Florence Cassez libérée, la belle leçon du Mexique

Fascinante et instructive, l’audience de la Cour suprême du Mexique! Les cinq juges de sa 1ère Chambre ont délibéré en direct, devant les caméras, avant d’annoncer la libération immédiate de Florence Cassez et l’annulation du jugement la condamnant à 60 ans de prison. Belle leçon de transparence démocratique offerte à la France et à d’autres Etats européens, prompts à considérer les Mexicains comme de bouillants guitaristes porteurs de sombrero.

 

Retransmise par les chaînes d’information continue en France, cette délibération nous a permis de suivre le développement de l’Etat de droit dans un pays en proie à la guerre contre les narcotrafiquants.

 

Utiliser le mot «guerre» en l’occurrence n’est pas exagéré. De par sa situation entre les narcoproducteurs de l’Amérique centrale et du Sud (notamment colombiens) et le lucratif marché de l’Amérique du Nord, le Mexique est devenu le passage obligé de la drogue. 60% de l’héroïne et 92% de la cocaïne consommées aux Etats-Unis passent par le Mexique. Les autorités mexicaines évaluent à 63 milliards de dollars par an, les gains que rapporte le trafic vers les «States». Grâce à cette manne, les cartels mexicains qui gèrent cette stupéfiante logistique disposent de véritables armées.
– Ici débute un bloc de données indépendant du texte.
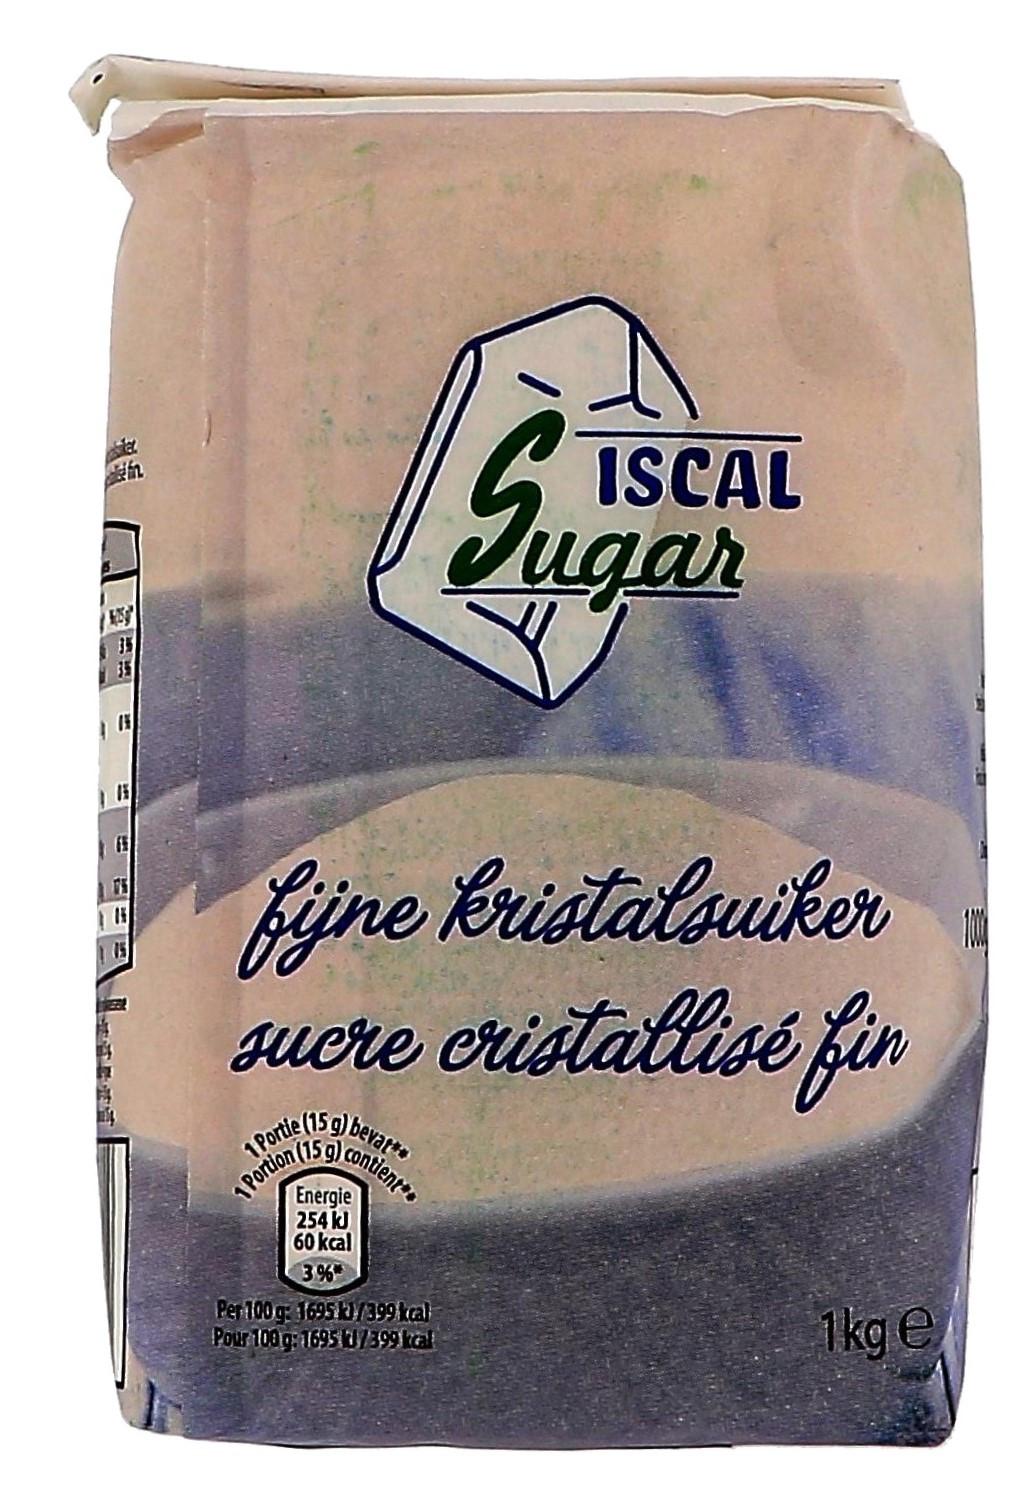 Fijne Kristalsuiker 1kg Iscal Sugar (Suiker)

Comme dans tout marché capitaliste, la concurrence est rude. Mais les conflits ne se règlent pas par courrier d’huissier. Assassinats, viols, rapts sont les voies de recours privilégiées. Et s’il faut acheter des flics et des politiciens, aucun problème, les caisses sont pleines! La corruption est un investissement rentable. Le précédent président du Mexique Calderón ne disait-il pas que la moitié de ses policiers n’étaient pas recommandables? Dès lors, il n’est pas étonnant de constater - comme l’a fait le Monterrey Institute of Technology dans une récente étude ‑ que 98,5% des crimes commis au Mexique en 2010 restent impunis.

 

C’est dans ce contexte que Florence Cassez s’est retrouvée embastillée à la prison de Tepapan, au sud de Mexico, à la suite d’un montage organisé par la police avec la complicité de deux chaînes de télévision. La jeune Française était l’ex-compagne d’un homme accusé d’avoir enlevé quatre personnes. Cet homme croupit d’ailleurs toujours en détention préventive depuis sept ans, sans avoir été jugé.

 

La libération de Florence Cassez obéit-elle à un changement dans le rapport de force politique? Sans doute, puisque durant son règne, le président Calderón a toujours protégé le ministre de la sécurité publique Garcia Luna qui avait orchestré l’arrestation, désormais reconnue illégale, de Florence Cassez. Or, le nouveau chef de l’Etat mexicain, Pena Nieto, s’est débarrassé de cet encombrant personnage. Mais il serait faux de réduire la décision de la Cour suprême qu’à cet aspect.

 

Dans cette guerre contre le narcotrafic, il est difficile de distinguer entre les «bons» et les «méchants». Les policiers sont tentés d’utiliser les mêmes tactiques que ceux qu’ils sont censés combattre, lorsqu’ils ne sont pas carrément du côté des criminels.

 

Par leurs commentaires, les juges de la Cour suprême ont donc jeté les bases d’un véritable Etat de droit au Mexique. Leur leçon: il est vain de poursuivre le crime en mimant les criminels. Il en résulte une corruption de l’ensemble de la société, corruption qui ne profite qu’aux pires racailles. Les droits de l’homme ne sont pas de simples arguties juridiques, a souligné le juge Zaldivar. Ils forment le squelette d’un Etat démocratique. Sans lui, la démocratie n’est qu’une peau flasque et sans autre vie qu’apparente.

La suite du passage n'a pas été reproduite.